# BBB curing time



## bubba jake (May 8, 2014)

I was reading different BBB recipes and the curing times were around 10-12 days. I read that you can cure meat with a method of measuring the thickest part of the meat, divide by 2 then divide that by 0.25 and that will give the days to cure.  example:(2 inch thick divide by 2 =1 divide by 0.25 = 4 days to cure.)  Can this be done with BBB and then be cold smoked?


----------



## daveomak (May 8, 2014)

bubba jake said:


> I was reading different BBB recipes and the curing times were around 10-12 days. I read that you can cure meat with a method of measuring the thickest part of the meat, divide by 2 then divide that by 0.25 and that will give the days to cure.  example:(2 inch thick divide by 2 =1 divide by 0.25 = 4 days to cure.)  Can this be done with BBB and then be cold smoked?




NO......  The internet has many sites that provide incorrect information.....

When curing any meats, equilibrium is part of the equation........   
Cure #1, sodium nitrite, is 62,500 Ppm nitrite.......
When you add it to the surface of the meat, the center of the meat has no nitrite......
Over time equilibrium moves the nitrite toward the center of the cut of meat....  
Once the nitrite gets to the center, the center may only be 5 Ppm nitrite while the outside 1/2" or so of the cut may be 5,000 Ppm.....  
Waiting for equilibrium to happen is the most important part of curing......  

This cut of meat is partially cured....   Was not long enough in the cure/brine.....  












Partially Cured Meat.jpg



__ daveomak
__ May 8, 2014






Even after the initial curing period, I recommend rinsing and drying the meat......   place in the refer for a couple more days for equilibrium to continue .....   You want all the additives to co-mingle and be evenly distributed throughout the meat.....    

That the point of the exercise....  

Dave


----------



## atomicsmoke (May 8, 2014)

bubba jake said:


> divide by 2 then divide that by 0.25 and that will give the days to cure.

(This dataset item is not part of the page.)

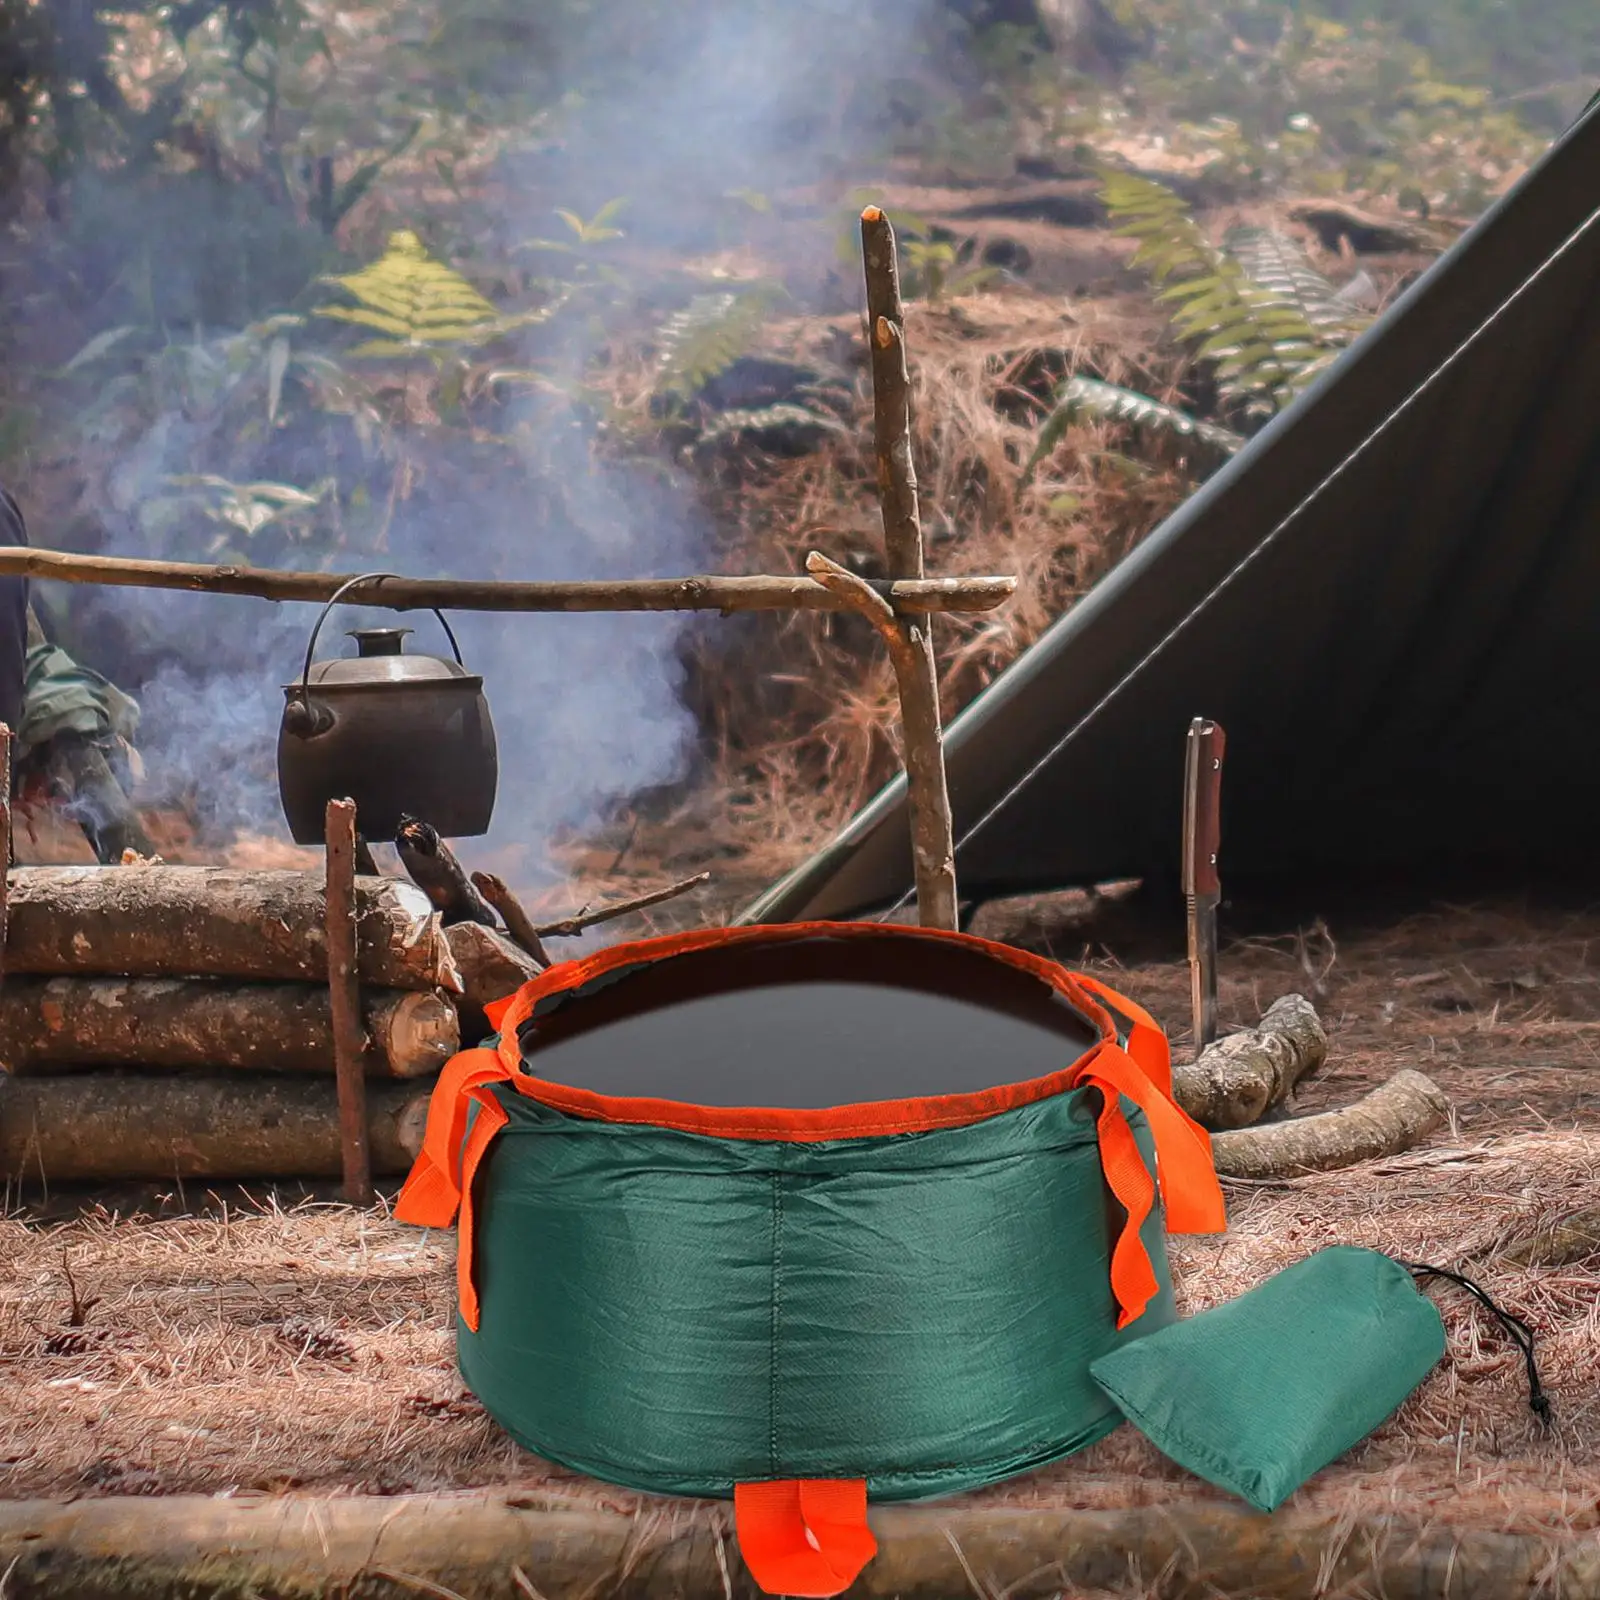 Multifunctional Collapsible Water Bucket with Storage Basin Lightweight Water Container for Camping Outdoor Washing Hiking

Hmmm...that's multiplying by 2.


----------



## Bearcarver (May 8, 2014)

bubba jake said:


> I was reading different BBB recipes and the curing times were around 10-12 days. I read that you can cure meat with a method of measuring the thickest part of the meat, divide by 2 then divide that by 0.25 and that will give the days to cure.  example:(2 inch thick divide by 2 =1 divide by 0.25 = 4 days to cure.)  Can this be done with BBB and then be cold smoked?


My method is one learned on this forum 4 1/2 years ago:

2 days per inch of total thickness, plus 2 days for safety  =  equals absolute minimum curing time.

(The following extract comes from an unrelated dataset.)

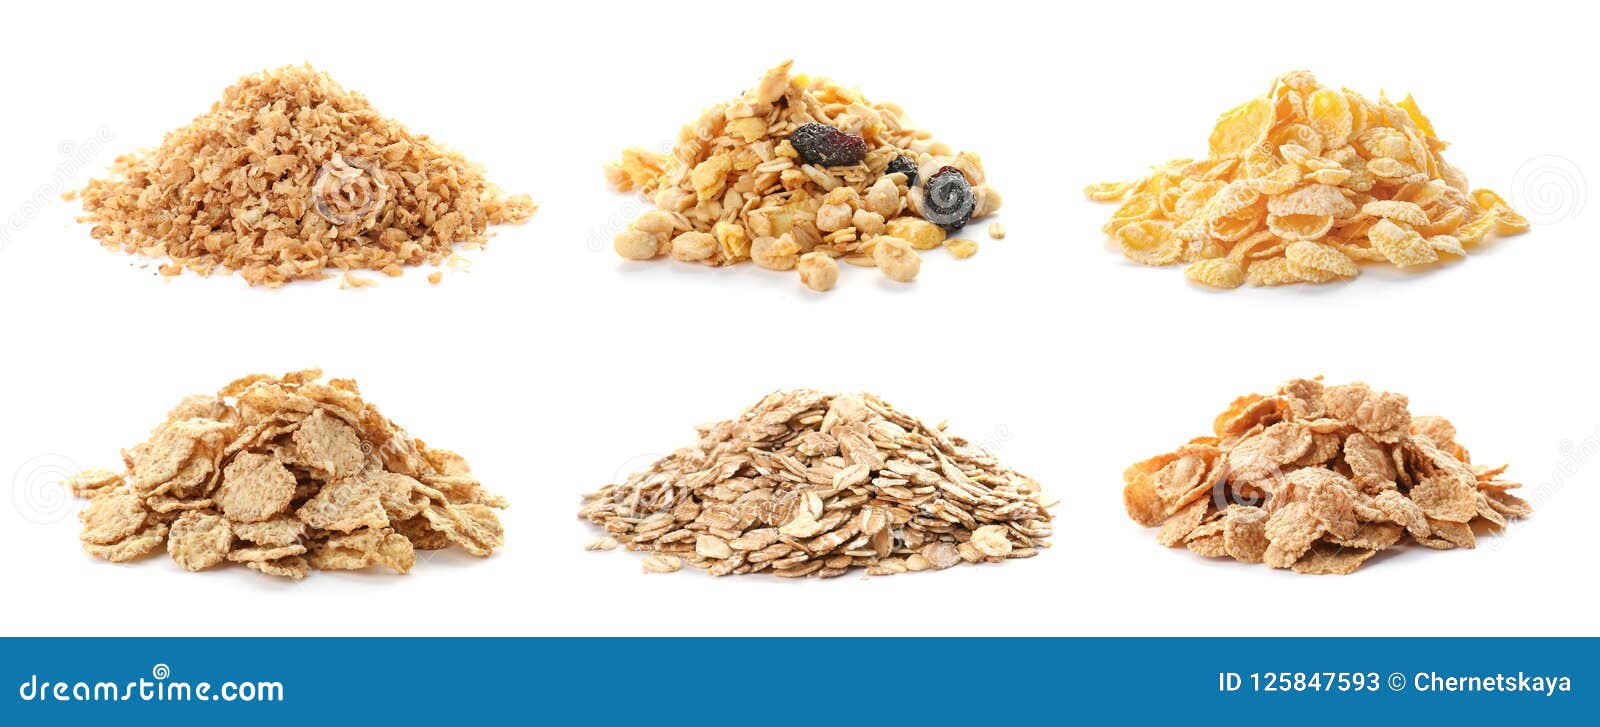 set with breakfast cereals on white background

Then I like to add 2 or 3 days, depending on which day suits my smoking best.

You can't over cure, but you can under cure.

So with this method for 2" thick:

2 X 2 = 4   +  2  = absolute minimum of 6 days in cure.

Then I would add 2 or 3 days to that, giving me 8 or 9 days in cure.

Then I would give it a salt-fry test, by slicing a piece from the middle & a piece from an end.

Before frying I would check that the cure got all the way to center (pink color thru out the cut side).

Then I would fry the pieces, and taste for saltiness.

Then I would put the cured meat in fridge for a minimum of over night, up to a couple days before smoking.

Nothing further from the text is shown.